Kimi zaman sosyal medya paylaşımları üzerinden, kimi zaman da günlük hayatın içinde insanların kişisel bilgilerini ele geçiren kişilerin ‘ısrarlı takip' (stalking) ve tacizi yeni bir şiddet alanı oluşturdu. Mağdurlar arasında eşiyle bir mekânda otururken yaptığı paylaşım sonrası garson tarafından 'sosyal tacize' maruz kalan da var, açıköğretim sınavındaki sınav kâğıdından bilgilerini öğrenen salon görevlisi tarafından ilişki teklifi alan da... Hastanedeki sıra ekranından ismini 'kaptırıp' günlerce ısrarlı buluşma teklifleri alanlar ise cabası... Daha çok kadınların maruz kaldığı ve çoğu zaman ev ve işlerini değiştirmek zorunda kaldığı 'ısrarlı takip' olaylarının sayısında ise son zamanlarda ciddi bir artış yaşandı.
‘Bu çok yönlü bir taciz süreci’
Hürriyet gazetesinden Emre Eser’in haberinde konuyla ilgili görüşlerine yer verilen Avukat Tuba Torun, ısrarlı takibin birden fazla suç hali oluşturduğunu belirtti.
‘İfşa edildiklerinde geri adım atabiliyorlar’
“Burada bütün suçları bir arada değerlendirip en üst limitten ceza uygulanması lazım” diyen Torun, “Çoğu mağdur ilk başta takip ve taciz edildiğinin farkına varamıyor. Kısa sürede saplantıya dönüşüyor. Bunu artık kendilerine iş haline getirmiş kişiler var ve sayıları sürekli artıyor. Bir şekilde bilgilerinize ulaşıp taciz ediyorlar. Bu konuya eğilmemiz lazım. Kadınların bu durumdan rahatsız olduğunu ve bu davranışı sonlandırması gerektiğini karşı tarafa bildirip hızla savcılığa suç duyurusunda bulunması gerekiyor. Mutlaka mesajların ekran görüntülerini alın. Gerekirse onları ifşa edin. İfşa edildiklerinde geri adım atabiliyorlar" ifadelerini kullandı.
‘Kadının adını soyadını alıp onu tespit edip evine kadar gelen var’
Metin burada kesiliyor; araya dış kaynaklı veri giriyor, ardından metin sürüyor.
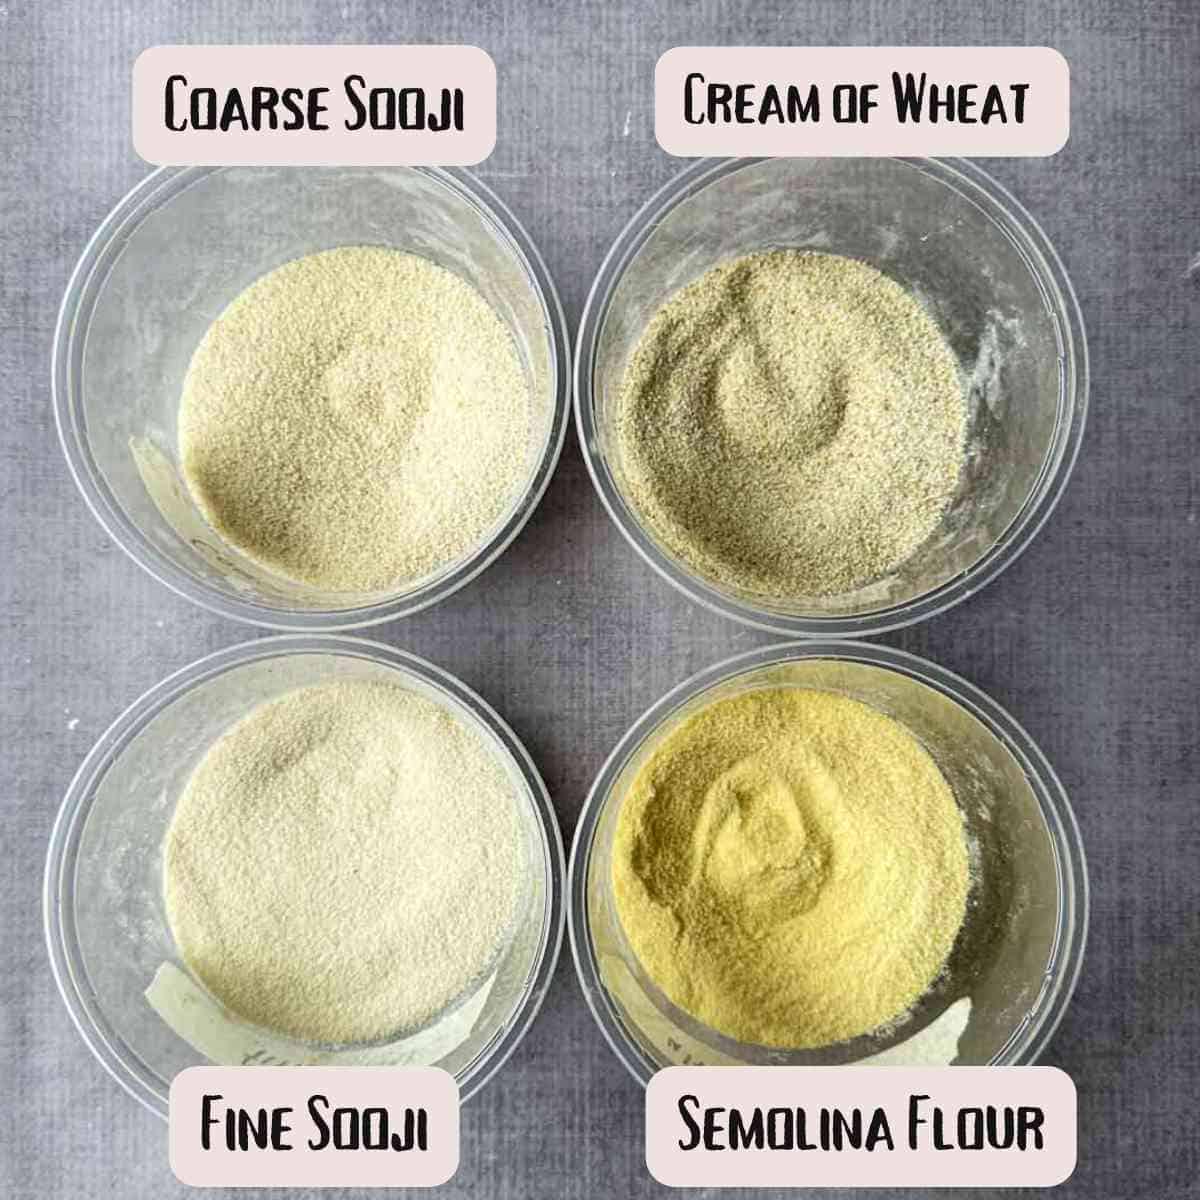 Four different types of flours used for pani puri. Top left is coarse sooji, top right is cream of wheat or farina, bottom left is fine sooji, and bottom right is semolina flour

Türkiye Kadın Dernekleri Federasyonu Başkanı Canan Güllü, “Süreç ilerledikçe durum çok tehlikeli bir boyuta ulaşıyor. Acil durum çağrılarının yüzde 20'si ısrarlı takip olaylarından kaynaklı. Bu kişiler bir şekilde kişisel bilgileri ele geçiriyor. Uçakta maillerine bakan bir kadının adını soyadını alıp onu tespit edip evine kadar gelen var. Sayılan sürekli artıyor” dedi.
‘Toplumda her 3 kişiden birinde görebiliyoruz’
Haliç Üniversitesi Öğretim üyesi Psikiyatrist Dr. Ayhan Akcan ise, “Paranoyak, hafif narsist ve antisosyal olarak tanımladığımız bu tipi toplumda her 3 kişiden birinde görebiliyoruz. Ancak sosyal medyanın yaygınlaşması ile bu tipler çok daha fazla kendilerini göstermeye başladı. Çok sayıda vaka ile karşılaşıyoruz. Egosunu yenememiş bu insanlar karşısındakine verdiği zararın farkında değil. Hastalıklı tipler yaptığının suç olduğunu bilse bile bu durumdan zevk alıyor. Dürtülerini kontrol edemiyor” dedi.
Bazı mağdur kadınların paylaştığı mesajlar:
- Eşimle bir mekâna gittik. Swarm uygulamasından paylaşım yaptık. Daha sonra kafe çalışanı 'çok beğendim, tanışmak istiyorum' diye uzun süre mesajlar attı.
- 12 hafta öncede açıköğretim sınavına girmiştim. Sınav salonundaki görevli öğretmen sınav kâğıtlarından kişisel bilgilerimi almış. Instagram üzerinden beni taciz edince engelledim. Daha sonra Facebook üzerinden ısrarla mesaj atmayı sürdürdü.
- Bir tanesi Instagram üzerindeki paylaşımlardan adresime kadar tespit edip evimin önüne gelmişti. Artık konum bilgisi paylaşmıyorum.
- Bir kişi hastanede sıra beklerken kapı üzerindeki ekrana yansıyan bilgilerimden beni sosyal medyada bulmuş. Buradan sürekli mesajlar atıp taciz etti.
- Otobüs yolculuğumda bir muavin bilet üzerindeki bilgilerimden ulaşıp sürekli beni taciz etti. Fotoğraflar attı.